Does the same exterior product $\Delta_{ij} = x_ip_j-x_jp_i$ in this case have any geometrical or other meaning at all? It would be as if in geometric algebra one calculates the bivector of a vector and another vector of the dual space.
I only see that the plane is treated as if it is a point with the same coordinates, but surely there is no interpretation for the mapping $$\text{Plane}(p_0 : p_1 : p_2 : p_3) \mapsto \text{Point}(p_0 : p_1 : p_2 : p_3)$$ is there?
I ask this because I noticed that in the definition of relativistic angular momentum in physics one defines a four-vector effectively in such a way.
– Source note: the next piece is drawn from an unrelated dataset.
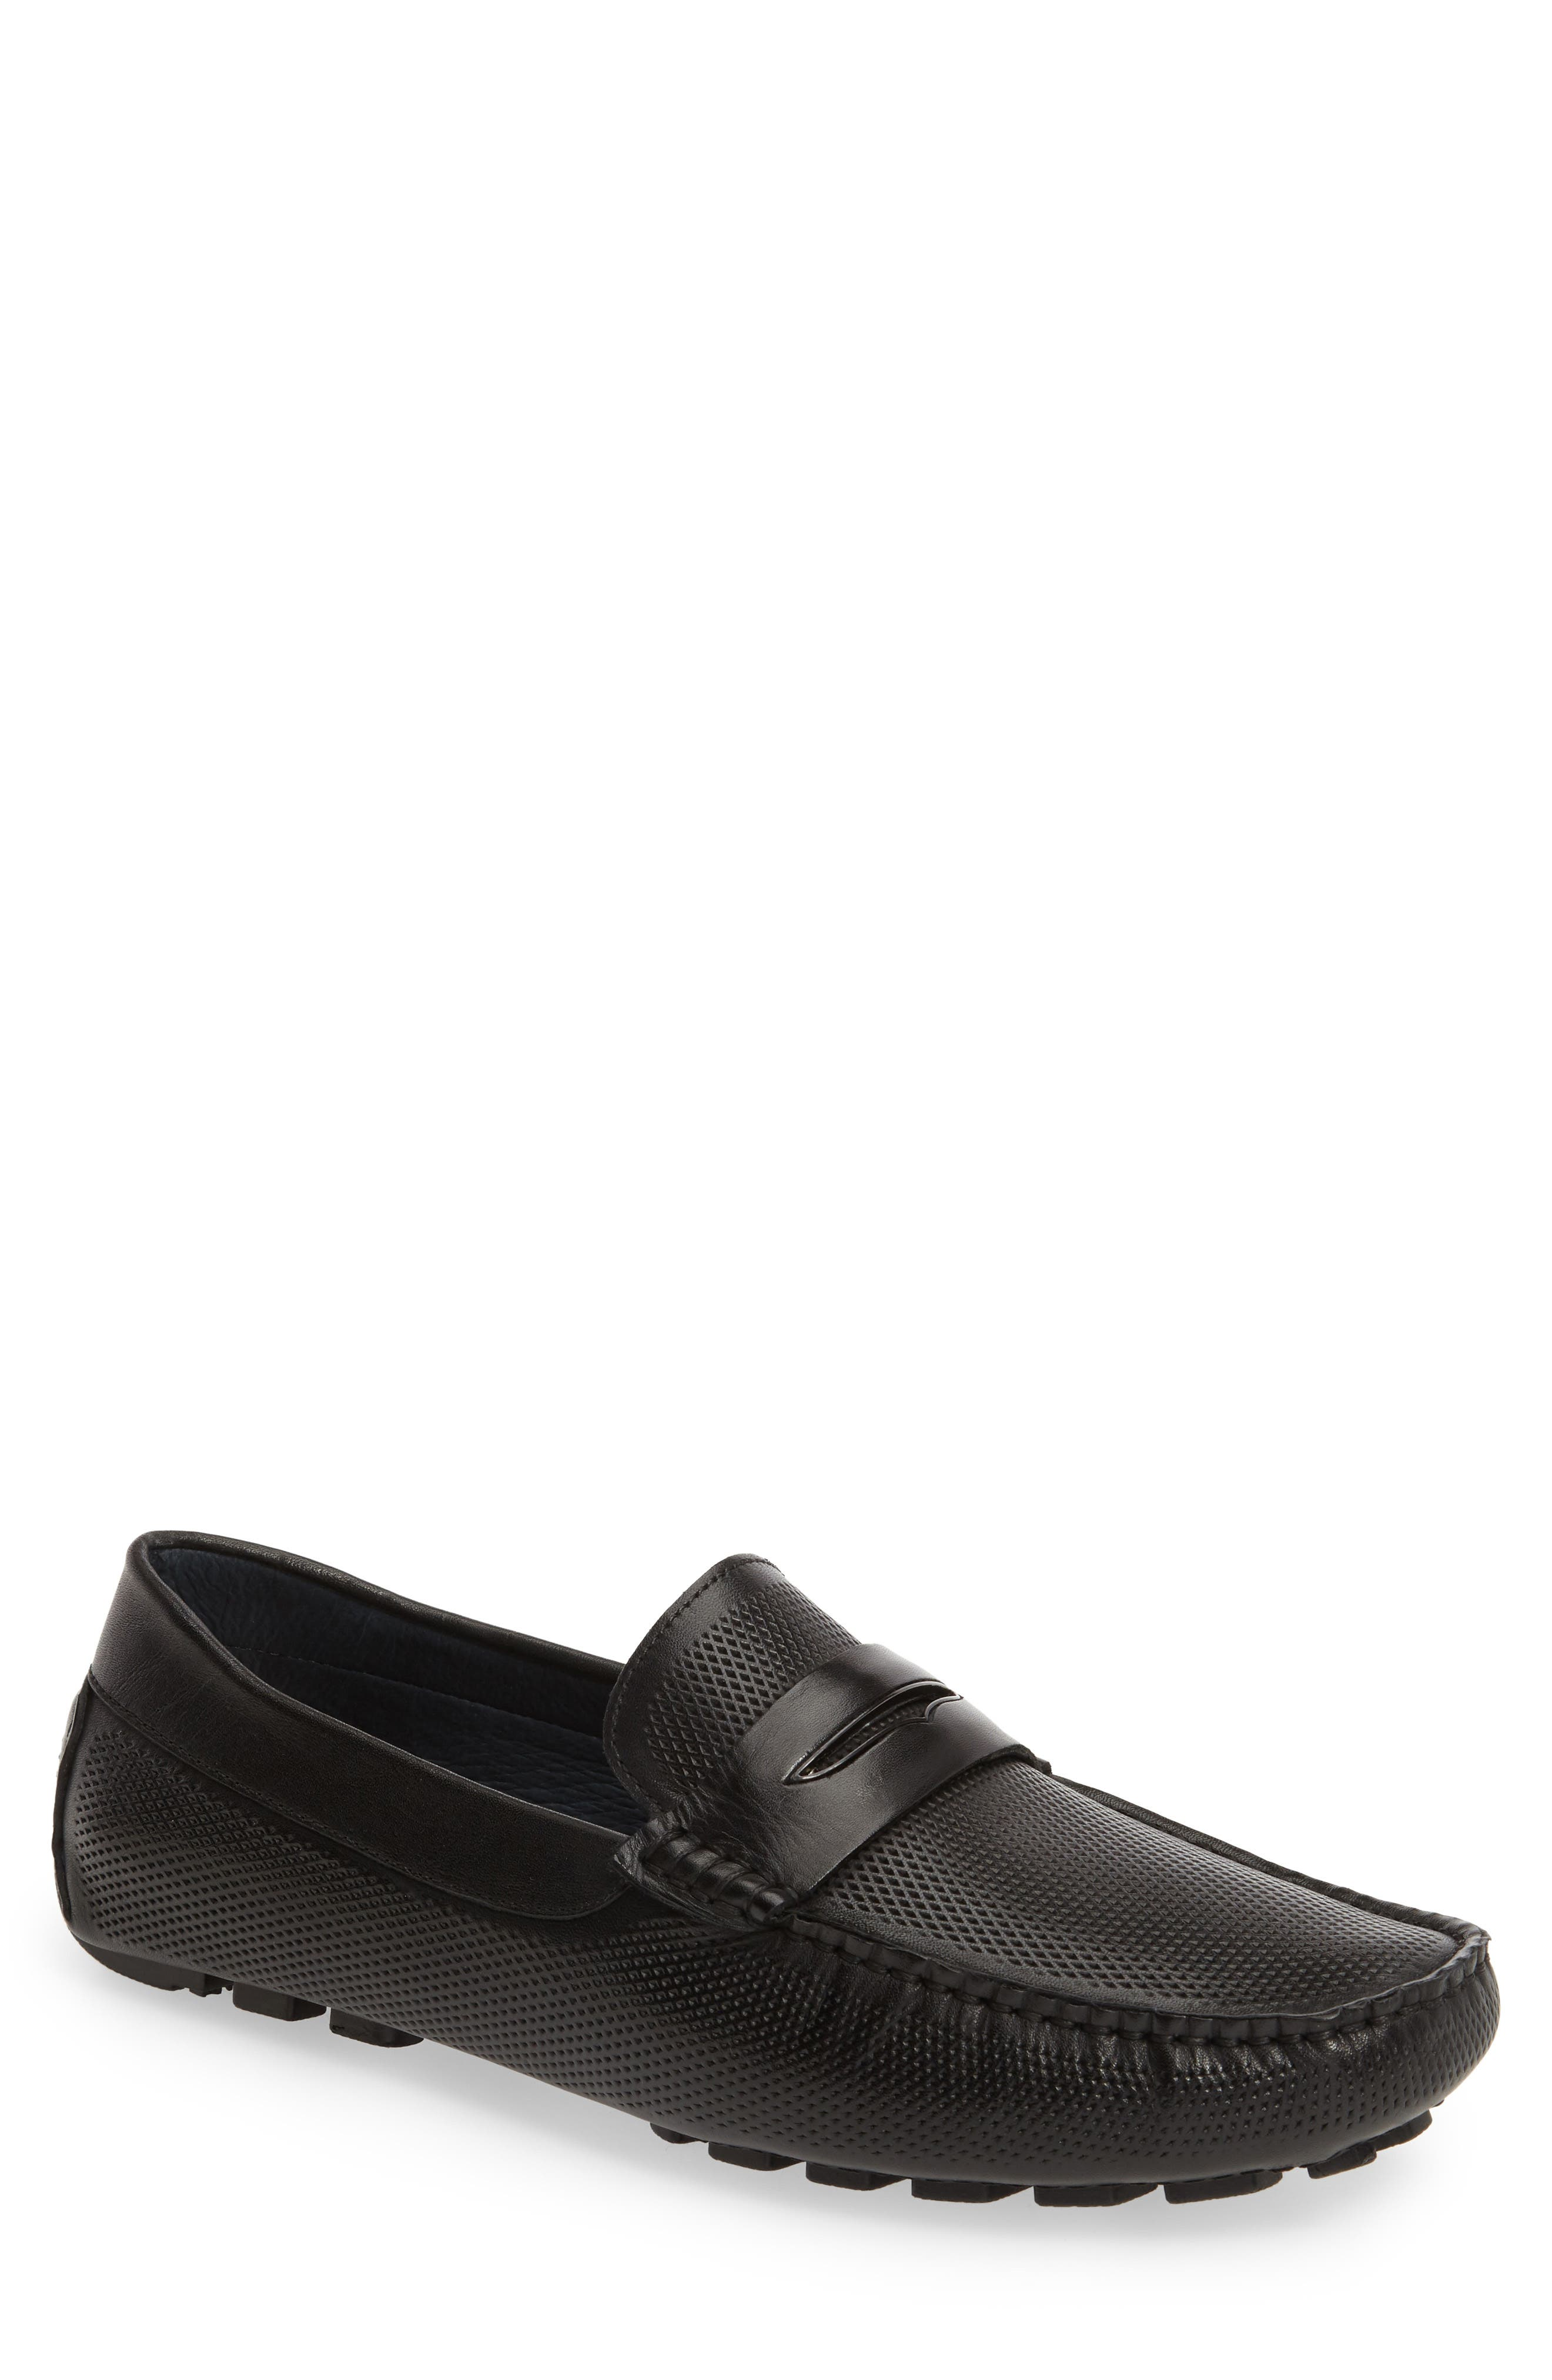 Mondrian Driving Shoe,                         Main,                         color, 001

One can construct a correspondence between projective geometry and geometric algebra such that 1-blades correspond to points, 2-blades to lines, 3-blades to planes, and 4-blades to volumes. Since planes correspond to 3-blades, and you can't form an antisymmetric wedge product on two 3-blades, there's no meaningful result to find.
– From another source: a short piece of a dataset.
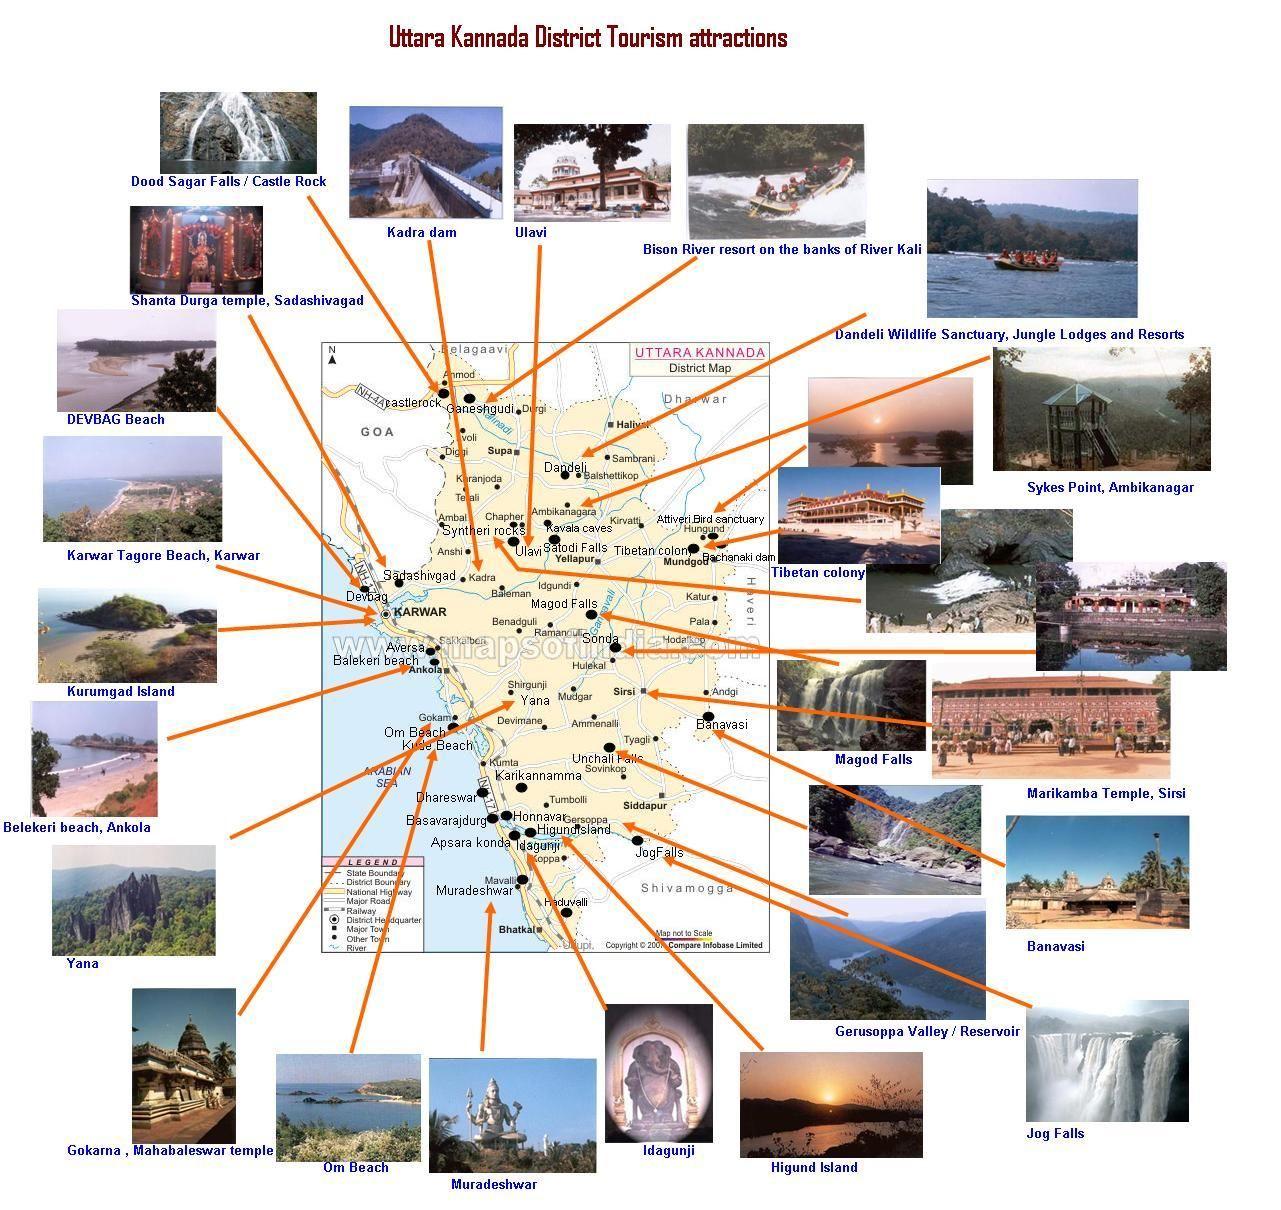 FileUttara Kannada District Tourism MapJPG KarnatakaMysore

Furthermore, dualizing those 3-blades to 1-blades is not meaningful; you cannot use full duals in projective geometry, as that involves dualizing over the projective dimension--which is inherently non-metrical and thus does not have a concept of a natural correspondence between vectors and dual vectors. More succinctly, there is no unique point corresponding to a given affine plane. How could there be?
Angular momentum in physics can be defined as a grade-2 multivector--a plane or linear combination of planes--but that is where the correspondence ends.